On August 31,1988, respondent filed this suit seeking a declaration by judgment that appellant had no coverage under her father’s insurance policy because she ceased to be a member of his household after her marriage and because there was no proof any vehicle other than the Hammonds car was involved in the accident.1

Appellant responded to the suit for declaratory judgment by moving for dismissal. The motion asserted lack of subject matter jurisdiction and failure to state a claim. The motion was overruled and appellant then filed her answer and counterclaim. The latter set up the claim of negligence by the unidentified vehicle and driver as the cause of the accident and sought damages for appellant’s injuries and also recovery under respondent’s medical payment coverage.

[946]*946The case was tried to a jury. By its verdict, the jury found for appellant on her qualification as a member of her father’s household, and therefore her status as an insured under respondent’s policy, but it found against appellant on the issue of whether a second vehicle was involved in the accident. Appellant therefore recovered judgment only in the amount of medical payments coverage in the sum of $5000. That result has not been appealed.

The only question presented here is appellant’s claim that the trial court erred when it did not sustain her motion to dismiss the declaratory judgment action. To review that issue, we consider the cause in its status when the motion was ruled and therefore disregard the subsequent proceedings, including the questions injected in the case by appellant’s counterclaim and possible matters of trial error which have not been asserted.
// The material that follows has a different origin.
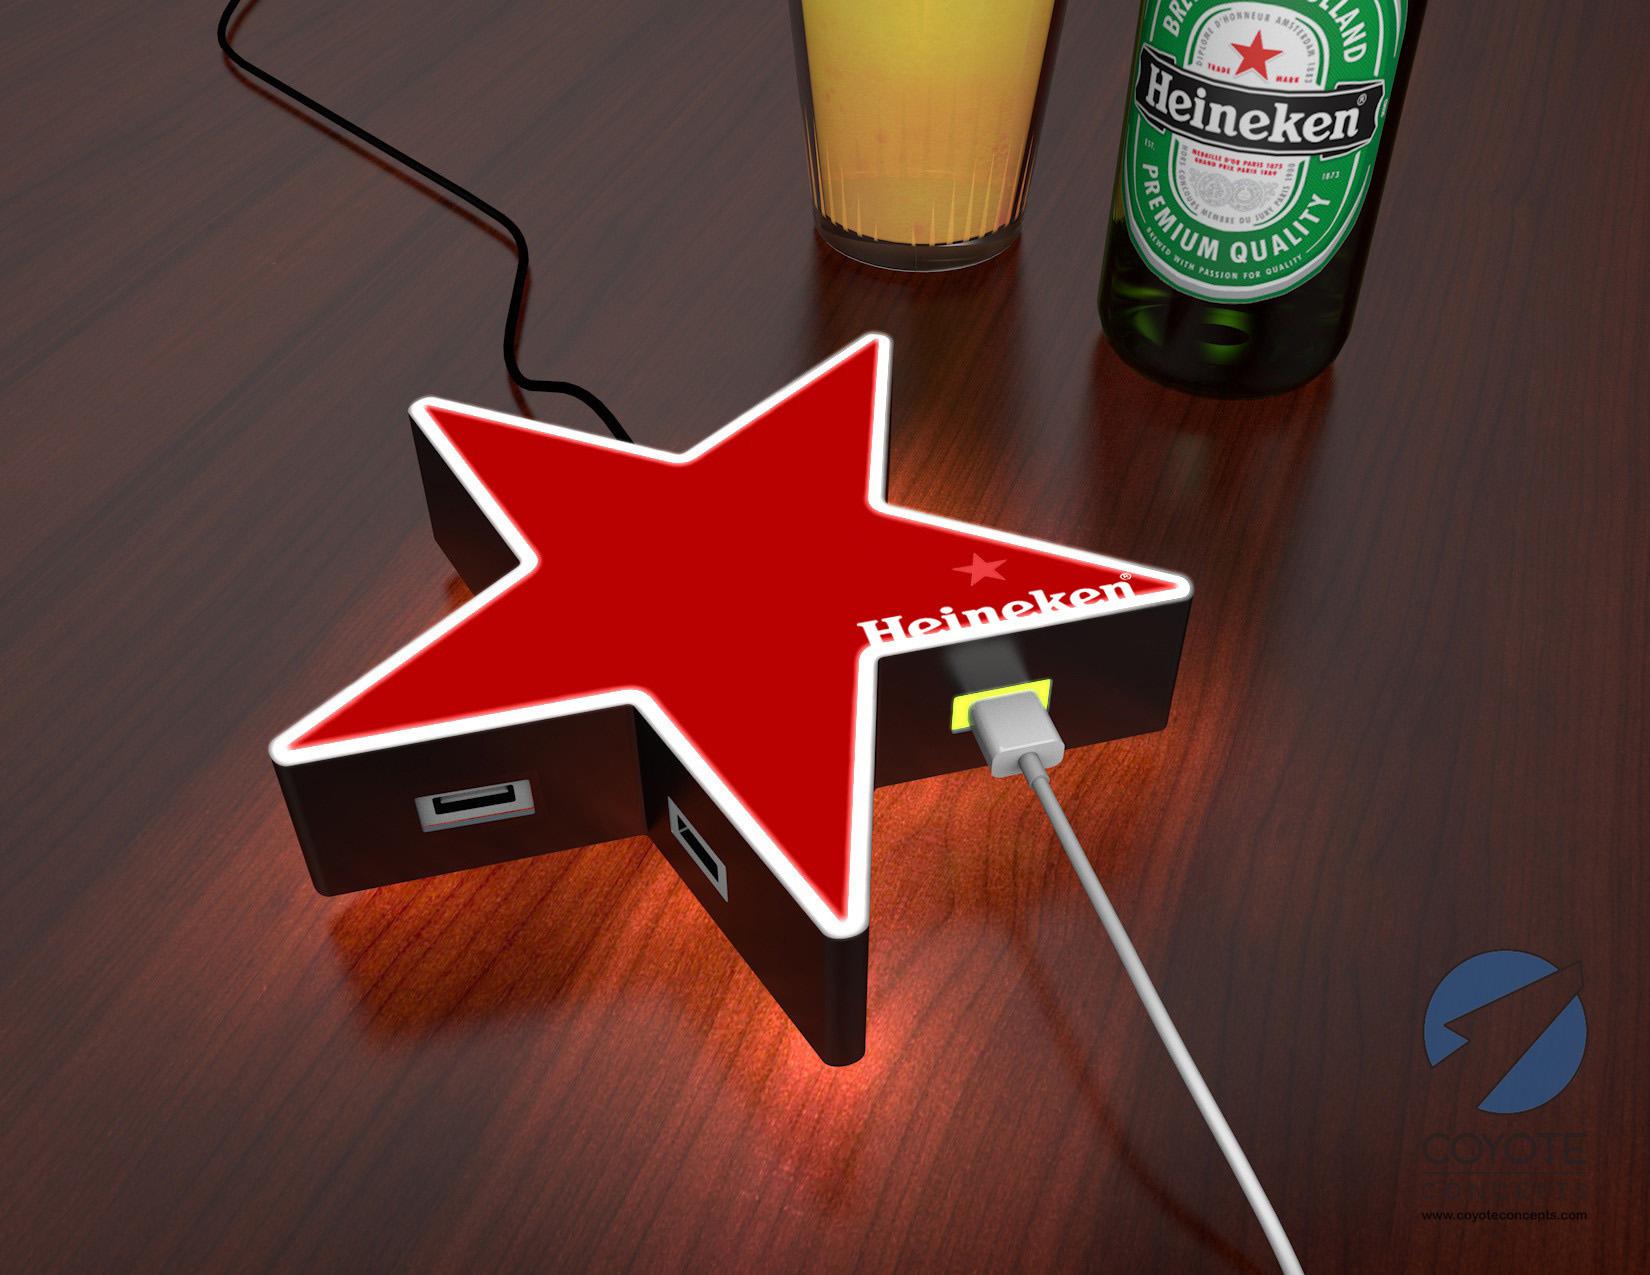 Heineken charging station A.jpg

The primary thrust of appellant’s argument on this appeal is the contention that declaratory judgment is inappropriate to decide ultimate fact issues in a tort case. She says that this case should not have been the means whereby a verdict was rendered on the alleged negligence of the unidentified, and presumably uninsured motorist who she contended was the cause of the accident. She cites no authority for the proposition.

Appellant’s argument misstates the nature of the case as respects the claim for relief under respondent’s petition. As was noted earlier, the petition for declaratory judgment posed no issue concerning liability for negligence, only the question of whether coverage under the policy could be involved. Respondent averred that no second vehicle either struck the Hammonds car or caused it to leave the roadway and therefore the uninsured motorist clause of respondent’s policy was not implicated. The issue of whether the driver of such a car was negligent would obviously be preempted by a finding that there was no second car involved, the gist of respondent’s policy defense.

It is correct that the presence or absence of the so called “phantom vehicle” presented an issue of fact to be decided by a court or jury, but recourse to declaratory judgment is not precluded by the existence of disputed facts. Where necessary to declare legal rights, factual issues may be determined in a declaratory judgment action and a jury may be used for that purpose if requested by either party. K.D.R. v. D.E.S., 687 S.W.2d 691, 694 (Mo. banc 1982).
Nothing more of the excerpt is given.